[Start of Attachment]

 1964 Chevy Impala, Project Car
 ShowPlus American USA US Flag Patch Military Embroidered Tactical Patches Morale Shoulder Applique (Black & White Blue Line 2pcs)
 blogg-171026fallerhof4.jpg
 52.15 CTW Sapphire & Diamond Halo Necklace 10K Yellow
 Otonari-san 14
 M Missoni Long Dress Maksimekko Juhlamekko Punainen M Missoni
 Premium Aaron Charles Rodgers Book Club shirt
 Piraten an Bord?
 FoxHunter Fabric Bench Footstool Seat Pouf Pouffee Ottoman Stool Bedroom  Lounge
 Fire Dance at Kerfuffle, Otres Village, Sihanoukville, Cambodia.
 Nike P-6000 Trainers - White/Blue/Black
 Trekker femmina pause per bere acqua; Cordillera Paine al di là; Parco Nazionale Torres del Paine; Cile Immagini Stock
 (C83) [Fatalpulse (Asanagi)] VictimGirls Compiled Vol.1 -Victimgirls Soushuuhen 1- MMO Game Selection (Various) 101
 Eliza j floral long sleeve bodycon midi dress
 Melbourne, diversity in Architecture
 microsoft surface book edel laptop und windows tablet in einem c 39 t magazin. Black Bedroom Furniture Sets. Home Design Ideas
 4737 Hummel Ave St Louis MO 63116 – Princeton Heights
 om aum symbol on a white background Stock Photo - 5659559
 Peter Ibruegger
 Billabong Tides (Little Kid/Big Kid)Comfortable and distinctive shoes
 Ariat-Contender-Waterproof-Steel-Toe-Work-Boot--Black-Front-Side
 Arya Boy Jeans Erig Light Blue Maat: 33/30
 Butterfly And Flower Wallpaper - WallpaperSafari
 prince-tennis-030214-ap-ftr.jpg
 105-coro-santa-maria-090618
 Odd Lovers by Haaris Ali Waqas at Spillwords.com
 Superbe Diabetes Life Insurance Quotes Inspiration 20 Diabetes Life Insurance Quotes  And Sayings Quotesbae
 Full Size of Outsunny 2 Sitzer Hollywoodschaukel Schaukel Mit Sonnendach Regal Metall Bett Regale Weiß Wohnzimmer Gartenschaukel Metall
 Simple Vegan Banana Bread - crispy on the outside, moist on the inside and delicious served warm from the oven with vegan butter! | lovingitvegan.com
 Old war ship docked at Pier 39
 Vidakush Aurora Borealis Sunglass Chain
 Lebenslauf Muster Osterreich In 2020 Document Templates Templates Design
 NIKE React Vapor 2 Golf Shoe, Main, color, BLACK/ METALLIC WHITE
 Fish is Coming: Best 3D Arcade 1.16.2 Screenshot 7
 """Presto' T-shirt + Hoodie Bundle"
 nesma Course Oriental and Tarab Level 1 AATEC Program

[End of Attachment]

**Problem description:**
Retype all of the material above. Do not alter a single word.

**Exercise response:**
 1964 Chevy Impala, Project Car
 ShowPlus American USA US Flag Patch Military Embroidered Tactical Patches Morale Shoulder Applique (Black & White Blue Line 2pcs)
 blogg-171026fallerhof4.jpg
 52.15 CTW Sapphire & Diamond Halo Necklace 10K Yellow
 Otonari-san 14
 M Missoni Long Dress Maksimekko Juhlamekko Punainen M Missoni
 Premium Aaron Charles Rodgers Book Club shirt
 Piraten an Bord?
 FoxHunter Fabric Bench Footstool Seat Pouf Pouffee Ottoman Stool Bedroom  Lounge
 Fire Dance at Kerfuffle, Otres Village, Sihanoukville, Cambodia.
 Nike P-6000 Trainers - White/Blue/Black
 Trekker femmina pause per bere acqua; Cordillera Paine al di là; Parco Nazionale Torres del Paine; Cile Immagini Stock
 (C83) [Fatalpulse (Asanagi)] VictimGirls Compiled Vol.1 -Victimgirls Soushuuhen 1- MMO Game Selection (Various) 101
 Eliza j floral long sleeve bodycon midi dress
 Melbourne, diversity in Architecture
 microsoft surface book edel laptop und windows tablet in einem c 39 t magazin. Black Bedroom Furniture Sets. Home Design Ideas
 4737 Hummel Ave St Louis MO 63116 – Princeton Heights
 om aum symbol on a white background Stock Photo - 5659559
 Peter Ibruegger
 Billabong Tides (Little Kid/Big Kid)Comfortable and distinctive shoes
 Ariat-Contender-Waterproof-Steel-Toe-Work-Boot--Black-Front-Side
 Arya Boy Jeans Erig Light Blue Maat: 33/30
 Butterfly And Flower Wallpaper - WallpaperSafari
 prince-tennis-030214-ap-ftr.jpg
 105-coro-santa-maria-090618
 Odd Lovers by Haaris Ali Waqas at Spillwords.com
 Superbe Diabetes Life Insurance Quotes Inspiration 20 Diabetes Life Insurance Quotes  And Sayings Quotesbae
 Full Size of Outsunny 2 Sitzer Hollywoodschaukel Schaukel Mit Sonnendach Regal Metall Bett Regale Weiß Wohnzimmer Gartenschaukel Metall
 Simple Vegan Banana Bread - crispy on the outside, moist on the inside and delicious served warm from the oven with vegan butter! | lovingitvegan.com
 Old war ship docked at Pier 39
 Vidakush Aurora Borealis Sunglass Chain
 Lebenslauf Muster Osterreich In 2020 Document Templates Templates Design
 NIKE React Vapor 2 Golf Shoe, Main, color, BLACK/ METALLIC WHITE
 Fish is Coming: Best 3D Arcade 1.16.2 Screenshot 7
 """Presto' T-shirt + Hoodie Bundle"
 nesma Course Oriental and Tarab Level 1 AATEC Program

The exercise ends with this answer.